Electron Transfer Mechanisms in Nanomaterials-Incorporated Metalloprotein-Films on Electrodes

Abstract

The contribution of nanomaterials in developing modern ultrasensitive biosensors and biocatalytic systems is immense. Our focus has particularly been on understanding the fundamental electrochemical properties of redox-protein films immobilized on nanostructured electrodes or incorporated with redox-mediating nanomaterials. In the first approach, we designed non-covalently functionalized carbon nanotube modified electrodes with different pyrene derivatives, via the strong π-π stacking, to achieve directed attachment of myoglobin protein or site-specific attachment of small peroxidase-active microperoxidase-11. Direct electron transfer and catalytic properties of covalent versus electrostatic methods of immobilizing protein films and the effect of electrode materials will be discussed. Our second approach is based on conjugating redox-proteins with magnetic nanomaterials to immobilize on polymer coated electrodes and understand the direct electrochemical properties.

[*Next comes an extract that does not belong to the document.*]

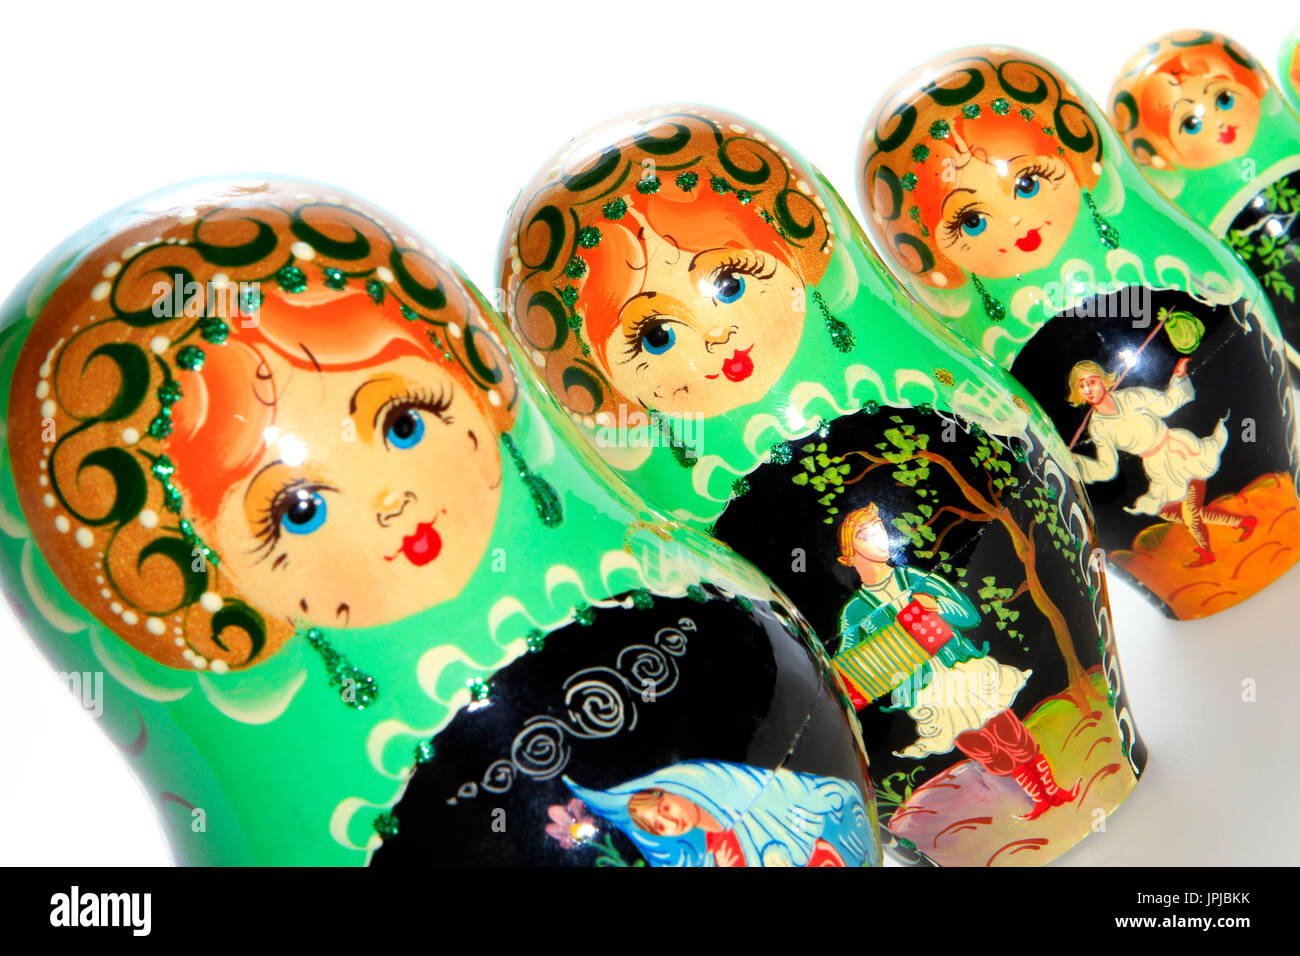 Poupées matriochka russe typique, souvenir de Russie Banque D'Images

Our results provide insights with regard to the direct electron transfer rates, catalytic efficiency, biological long-range electron hopping, and through-bond coupled hopping mechanism on the investigated nanomaterial-redox protein electrodes. We envisage that our findings will aid in designing viable, scalable bioreactors for green synthesis, superior biosensors, and understanding the biological electron transfer processes. Acknowledgements. Financial support by Oklahoma State University is greatly acknowledged.